Top of Supplied information
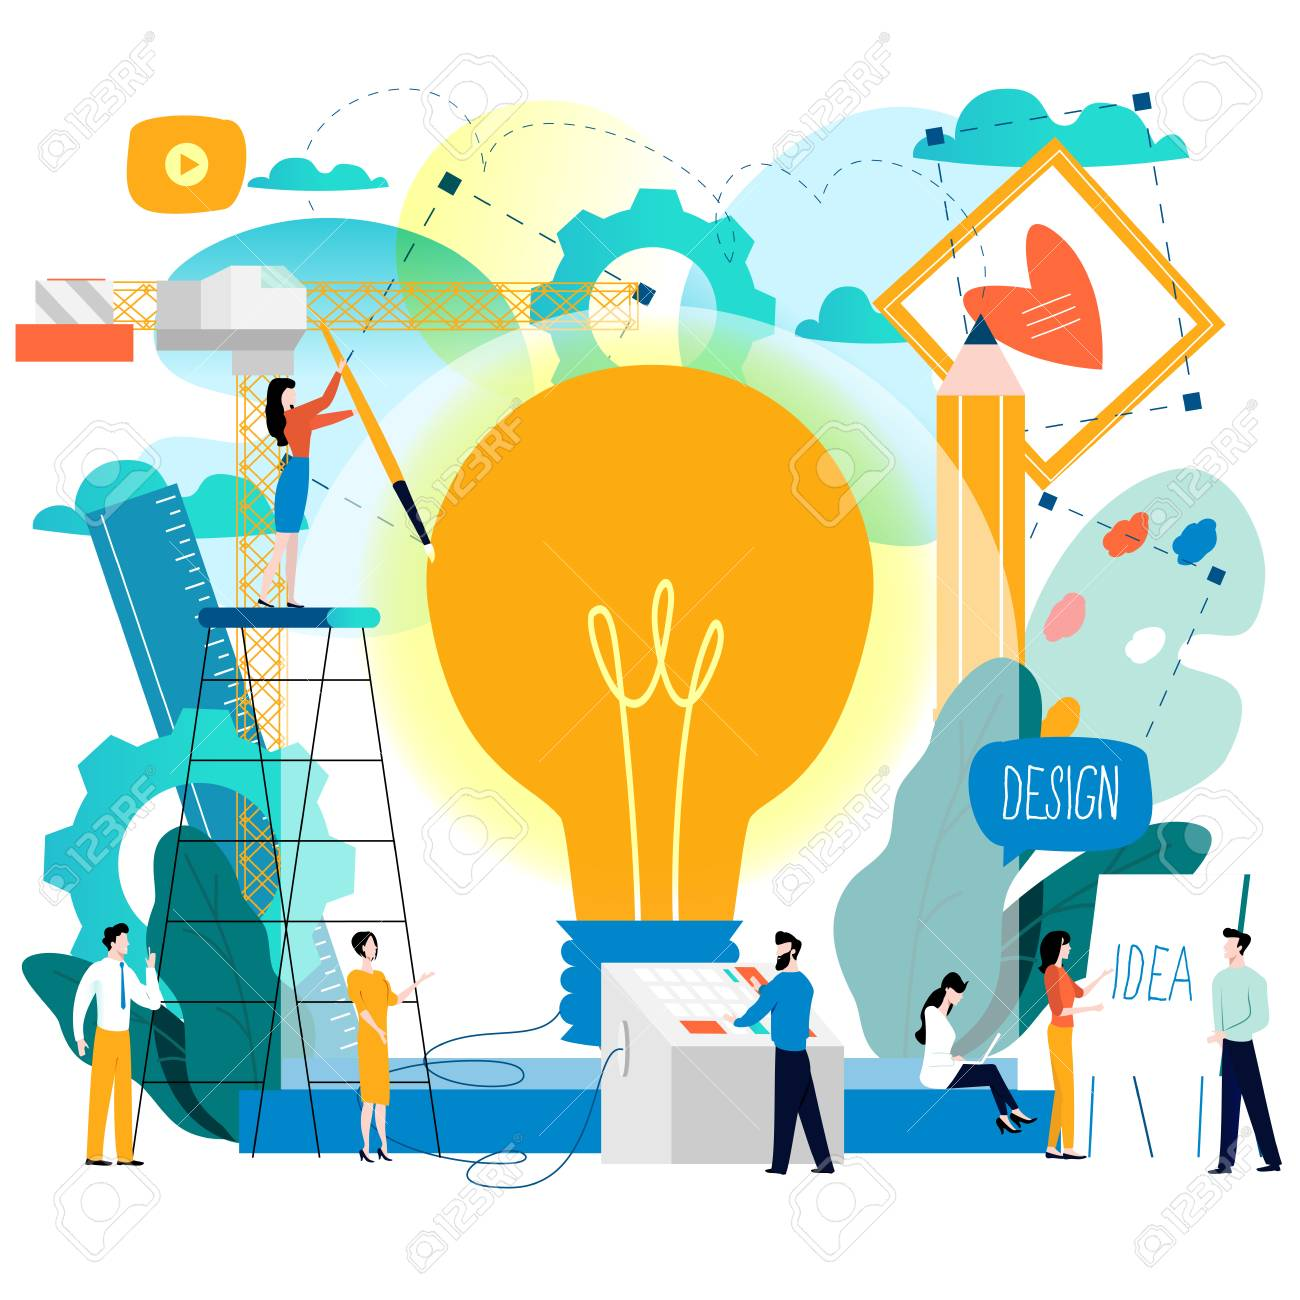 Creative Ideas Graphic Design Illustration Stock Vector
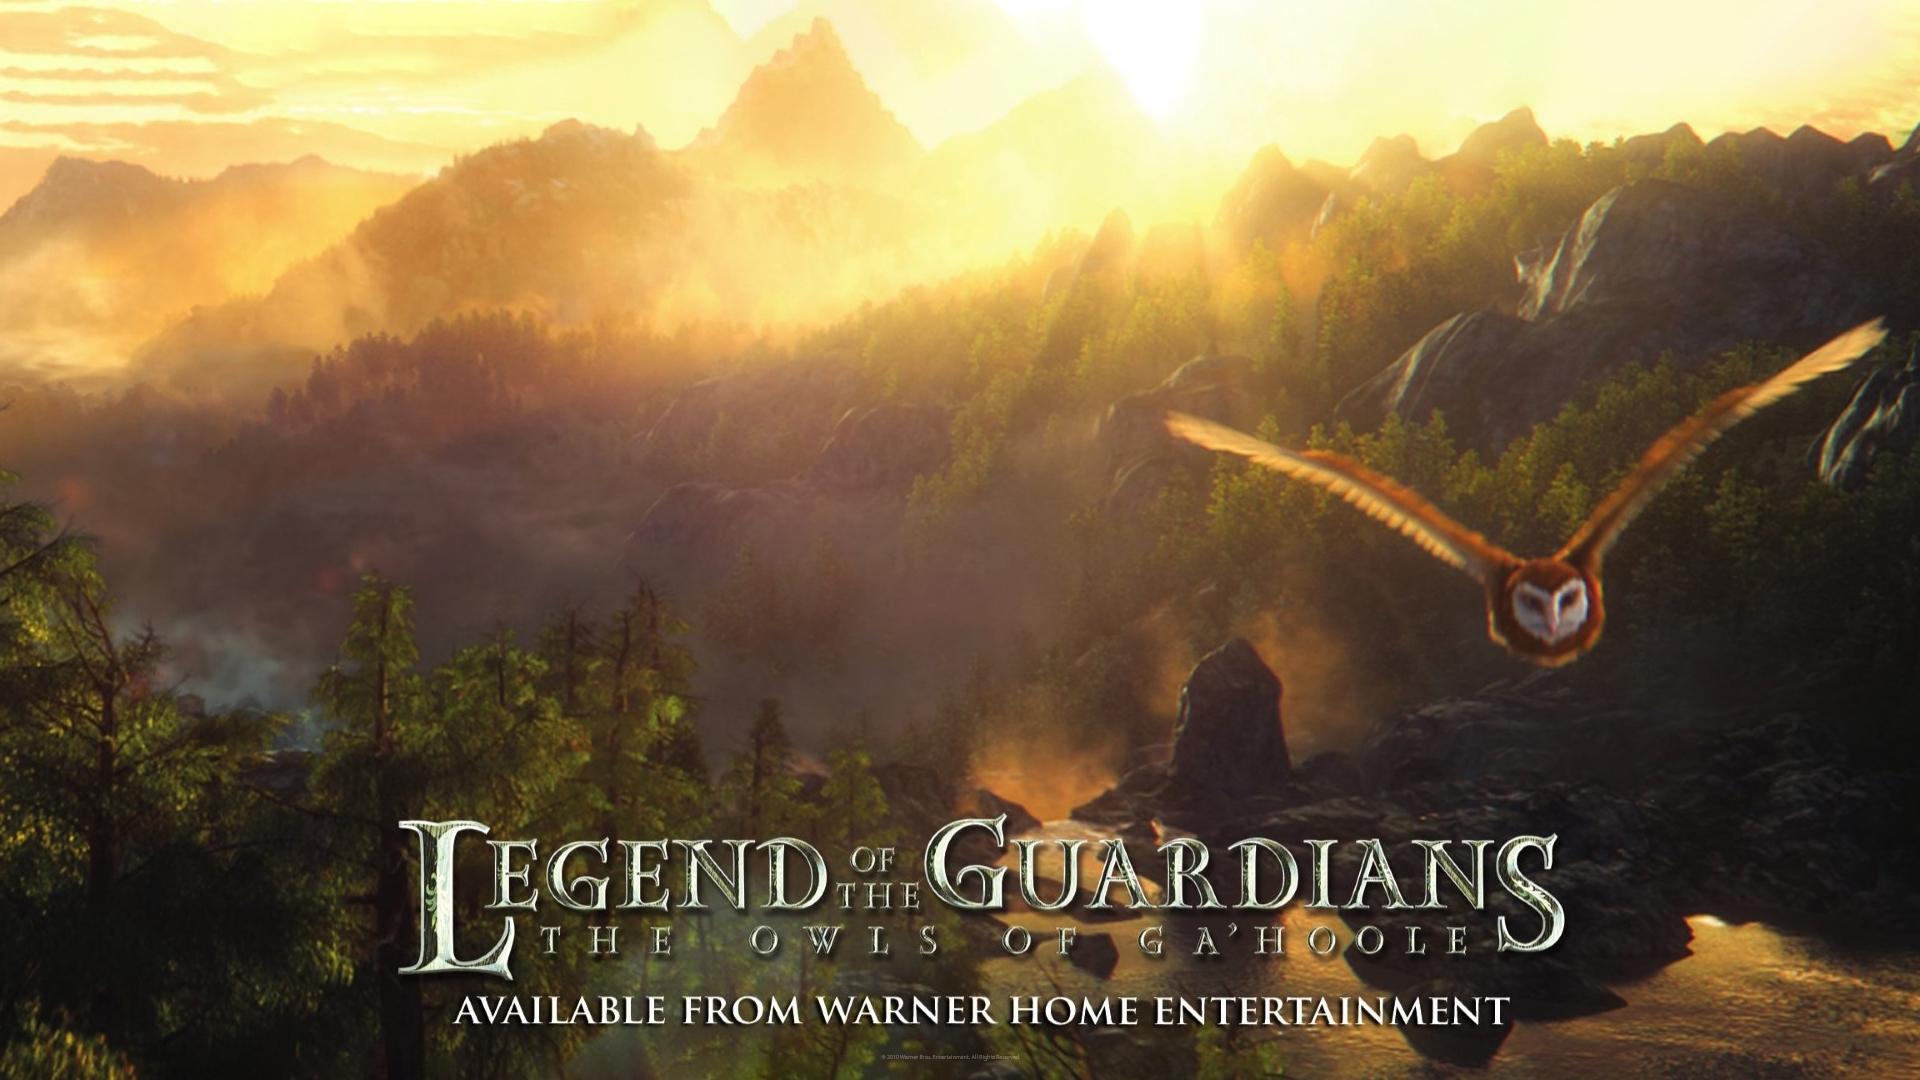 Legend of the Guardians: The Owls of Ga'Hoole มหาตำนานวีรบุรุษองครักษ์ : นกฮูกผู้พิทักษ์แห่งกาฮูล
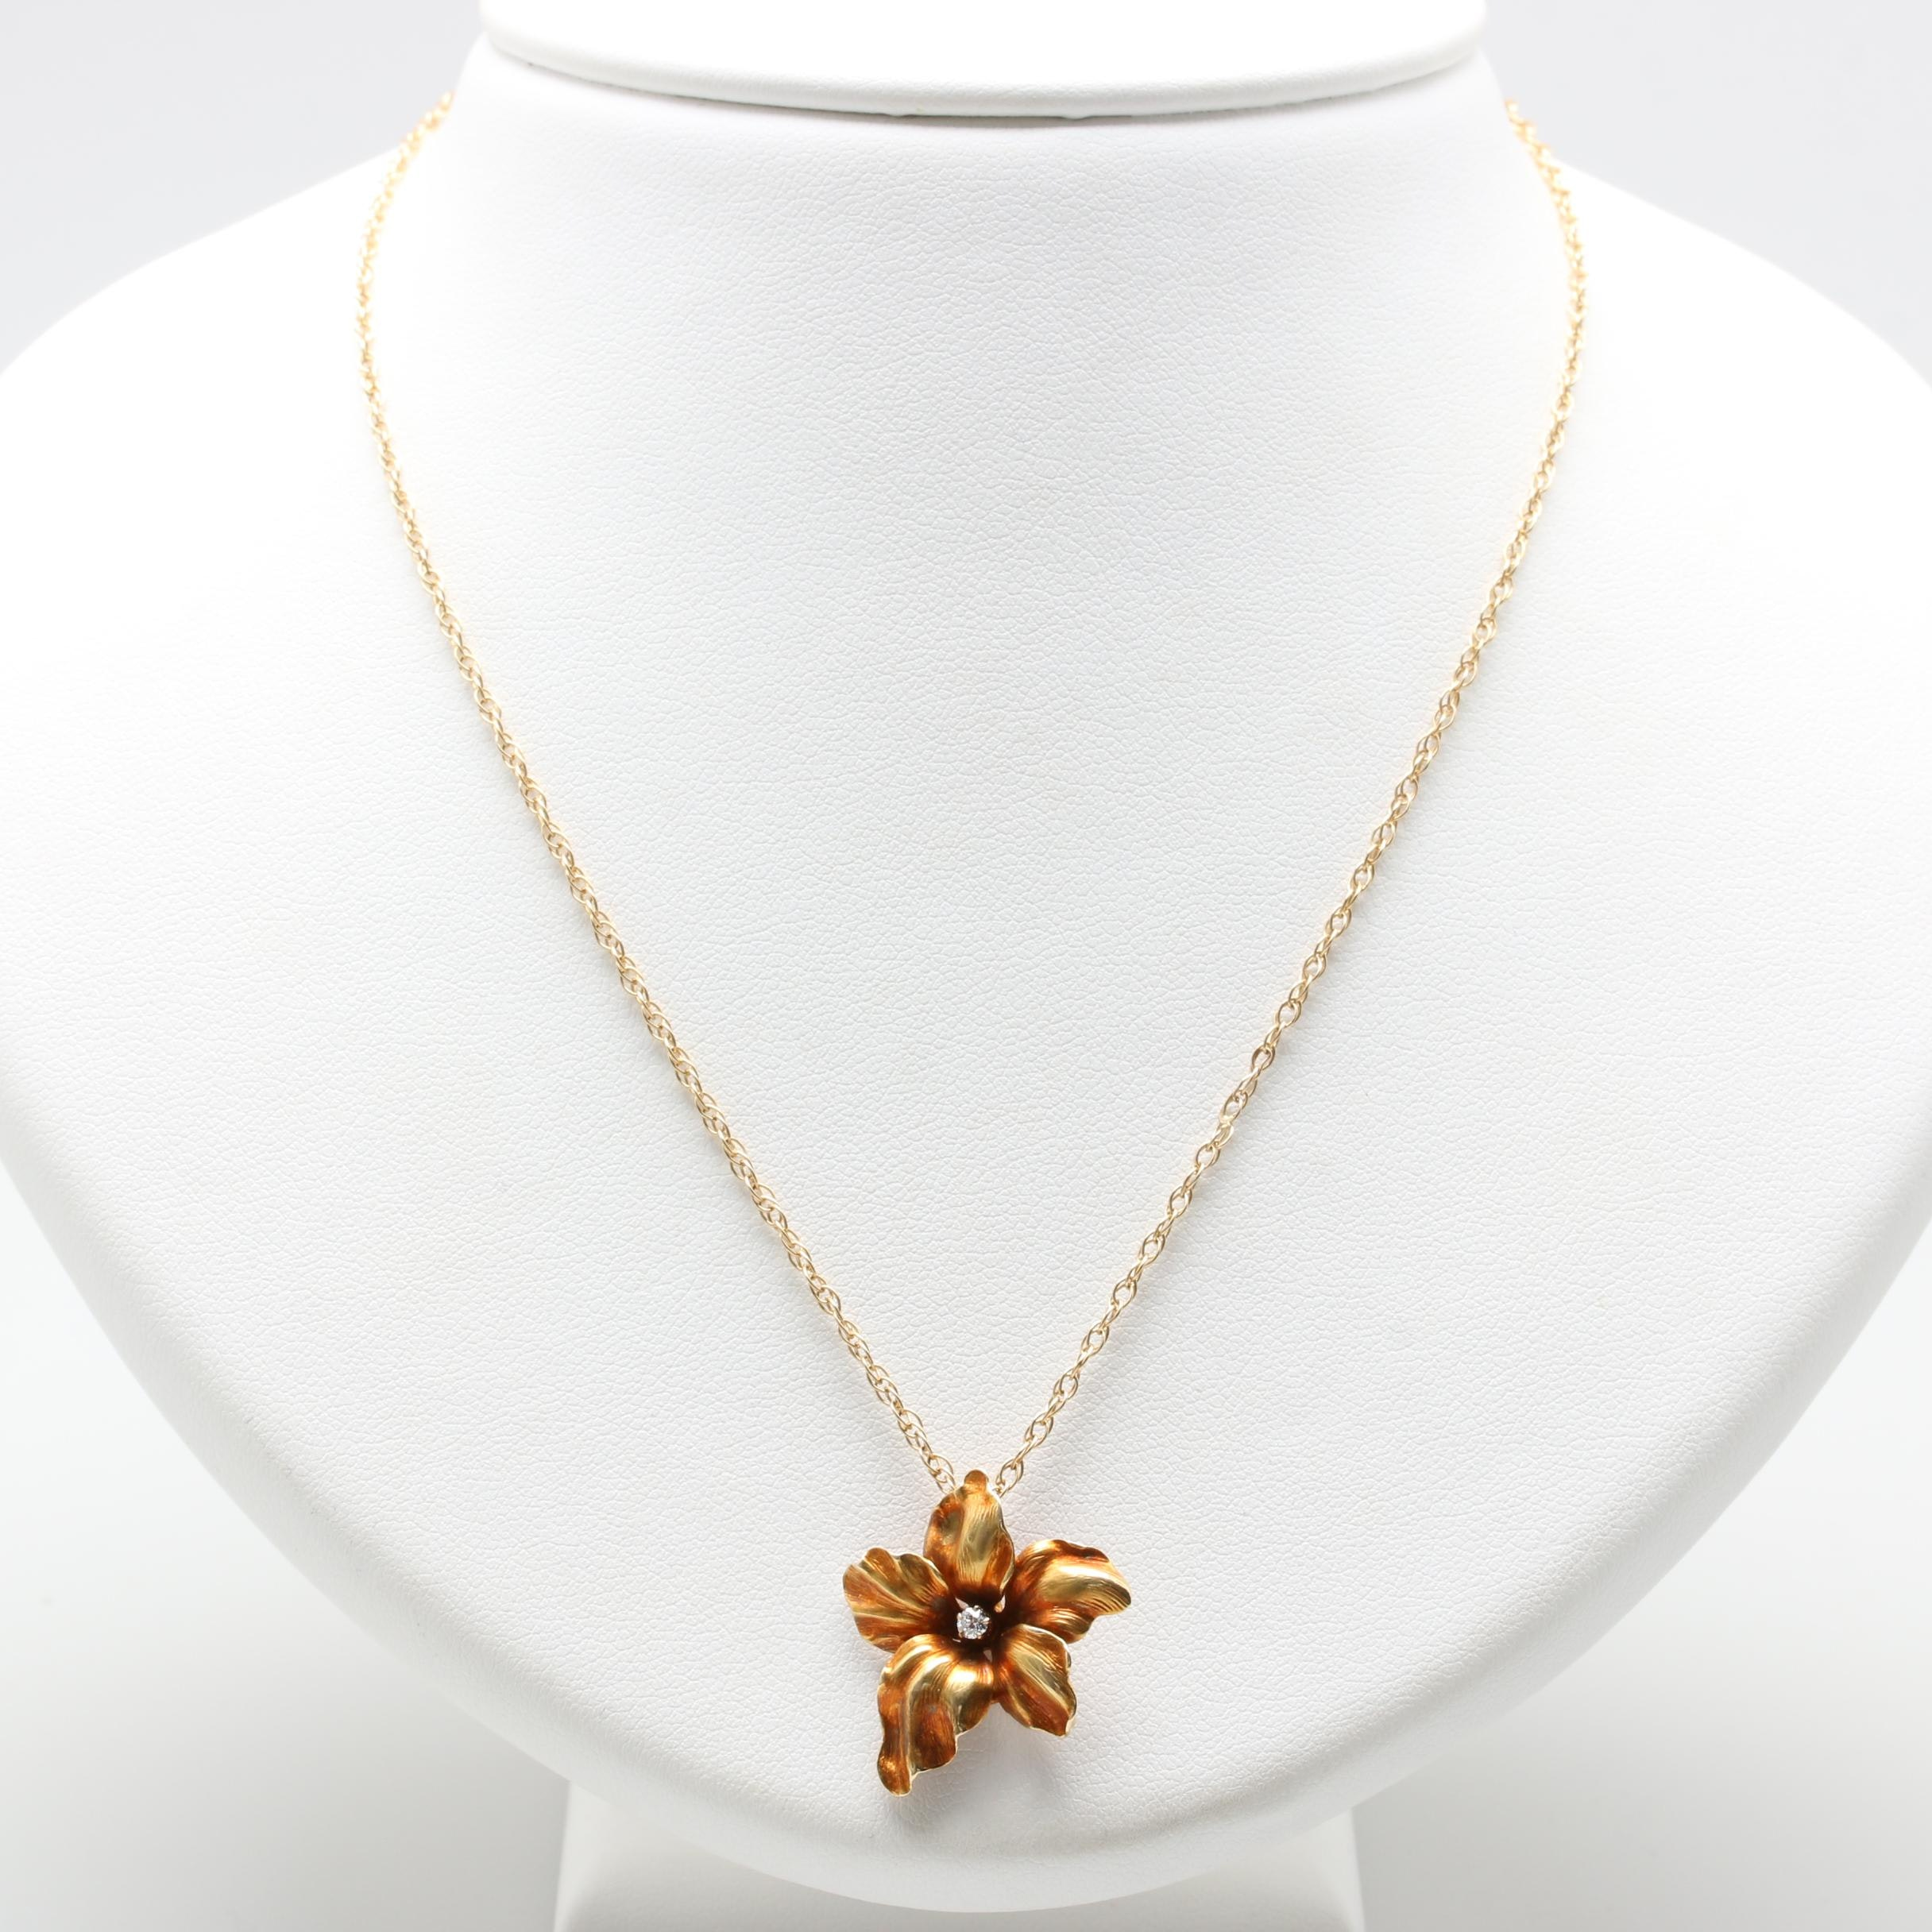 18K Yellow Gold Diamond Floral Pendant on 14K Chain
Bottom of Supplied information
• Task requirements: The task calls for duplicating the data exactly, with no images kept.

• Exercise solution:
 Creative Ideas Graphic Design Illustration Stock Vector
 Legend of the Guardians: The Owls of Ga'Hoole มหาตำนานวีรบุรุษองครักษ์ : นกฮูกผู้พิทักษ์แห่งกาฮูล
 18K Yellow Gold Diamond Floral Pendant on 14K Chain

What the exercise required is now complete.